When using an Ubuntu18 installation as per the instructions you need to do some additional steps to makes things work (since Python 3.7 is not the default Python):

sudo apt install python3.7-dev
sudo apt install python3.7-venv

Once you have activated the environment use:

pip install -U pip
pip install neuron-cc[tensorflow]
pip install torch-neuron

At this point I was able to reproduce your error. It seems that this installation instructions install an incompatible version of numpy. To fix the issue please use the following:

pip install numpy==1.18.5

I'm assuming here that you used the created environment, rather than the preconfigured conda environment in the comments of the tutorial.

Please respond here and let us know if this does not correct your issue . We'll look at the install documentation and wheel requirements to prevent this problem in future.

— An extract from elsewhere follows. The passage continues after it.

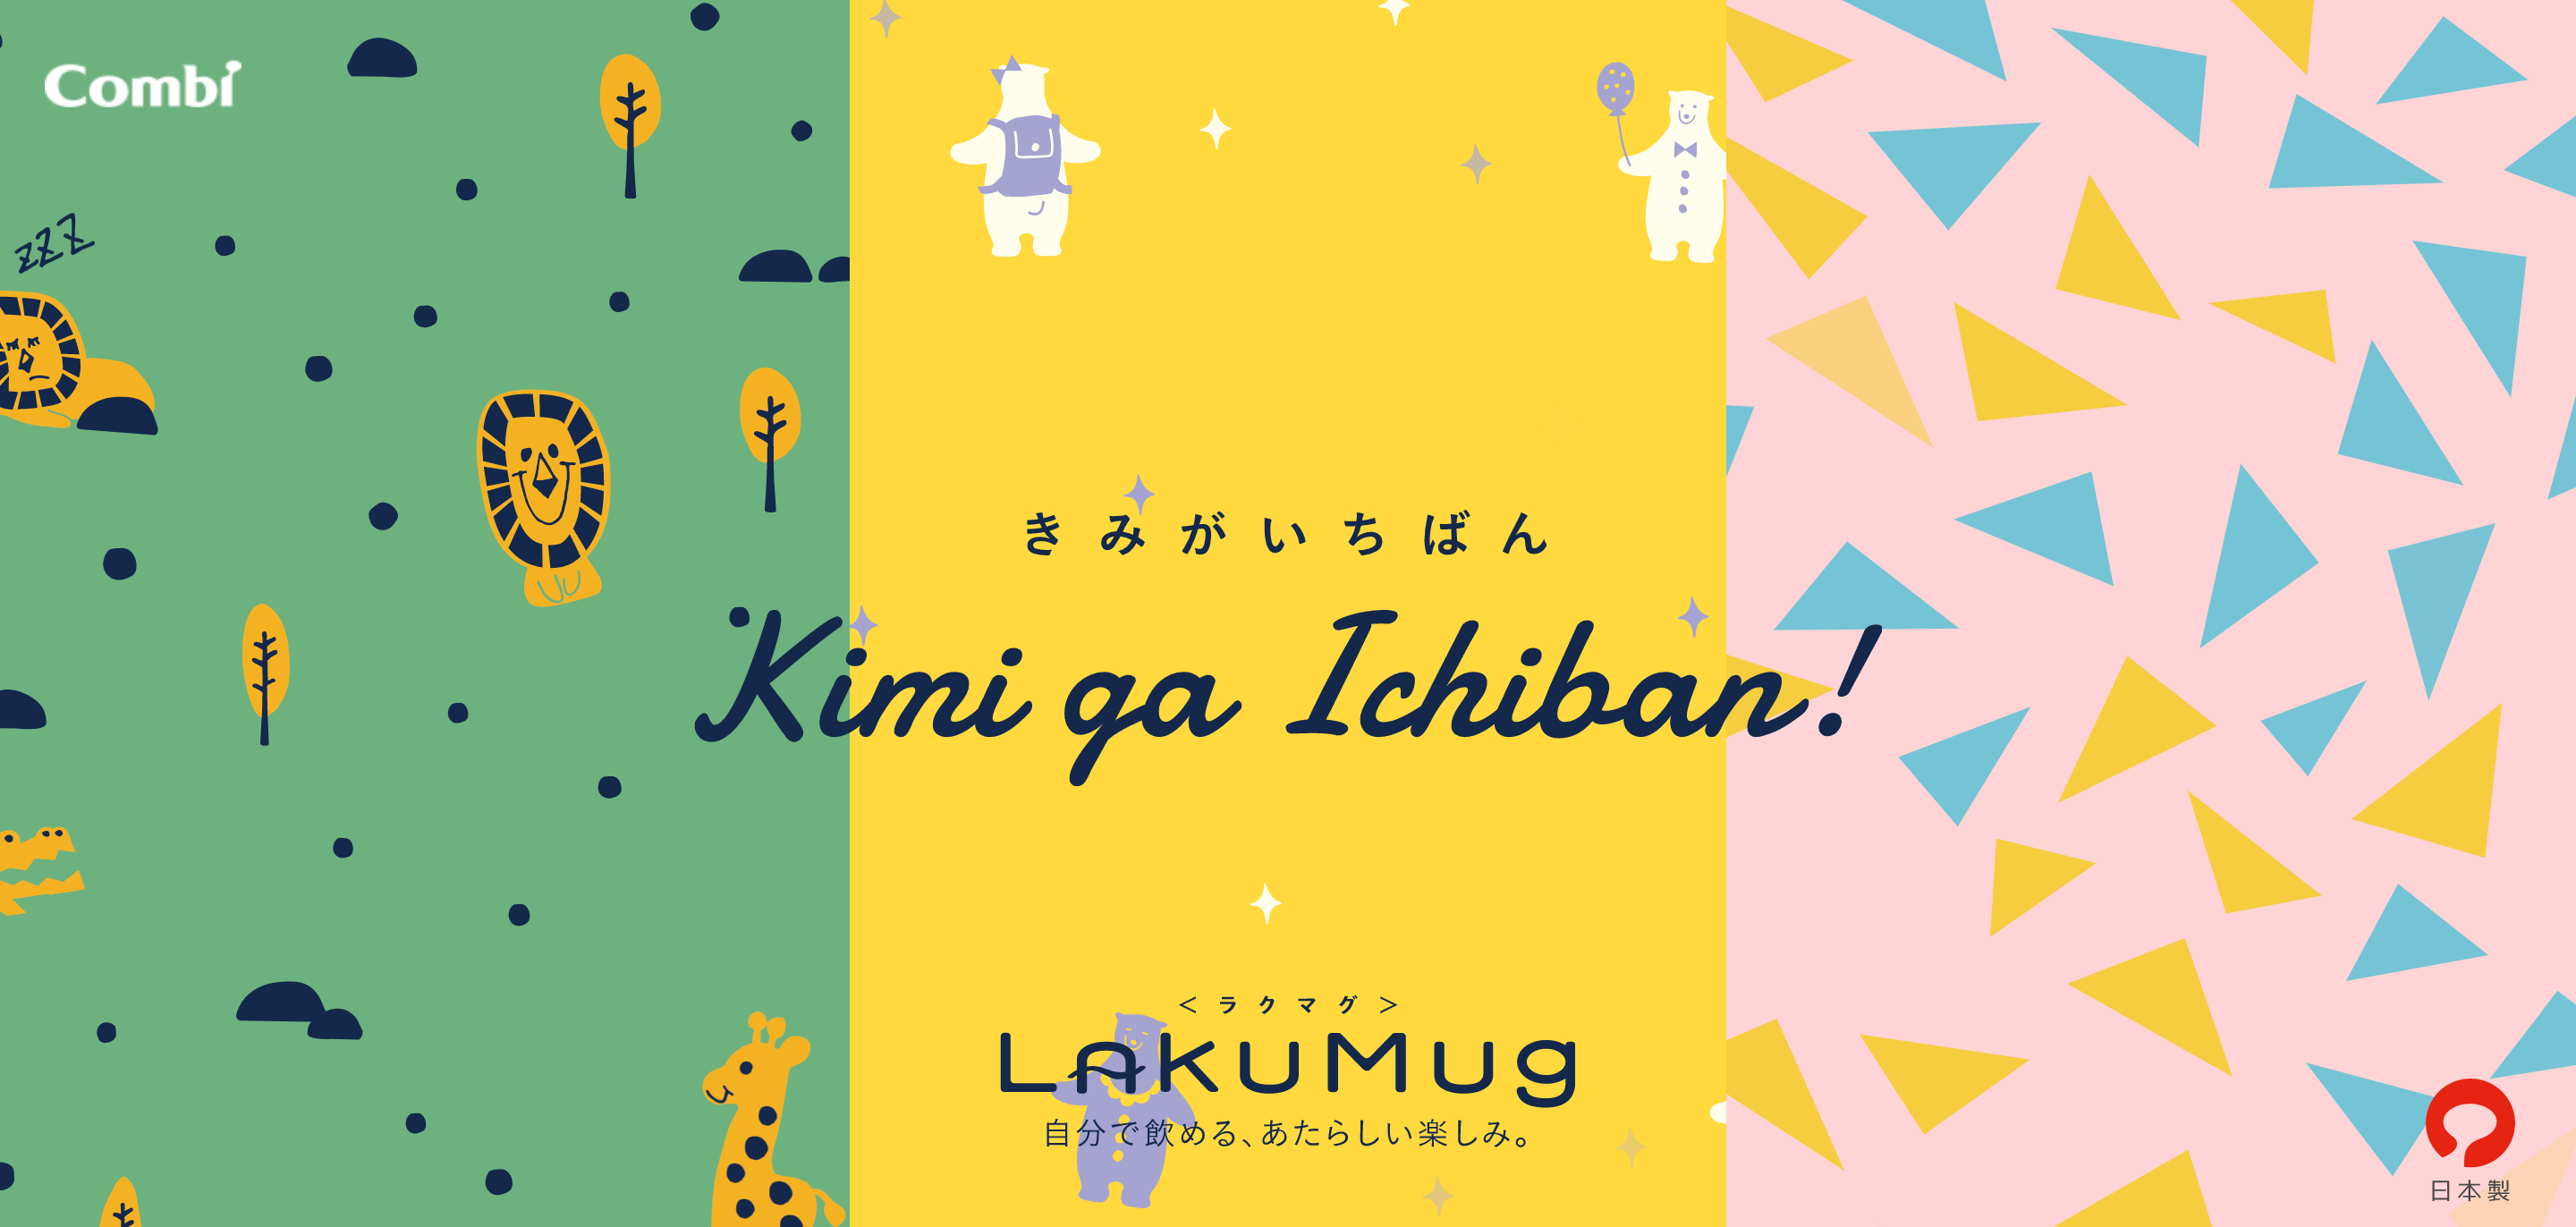 LakuMug（ラクマグ）| コンビ

sunbc0120 commented 3 years ago

Hi @mrnikwaws , thanks for your following up.

  1. Yes, I'm using a self-created and managed environment with conda (due to reasons to use Neuron, TorchServe and another open-source Deep Learning Frameworks and attempt to have their dependencies and version requirements be happy with each other)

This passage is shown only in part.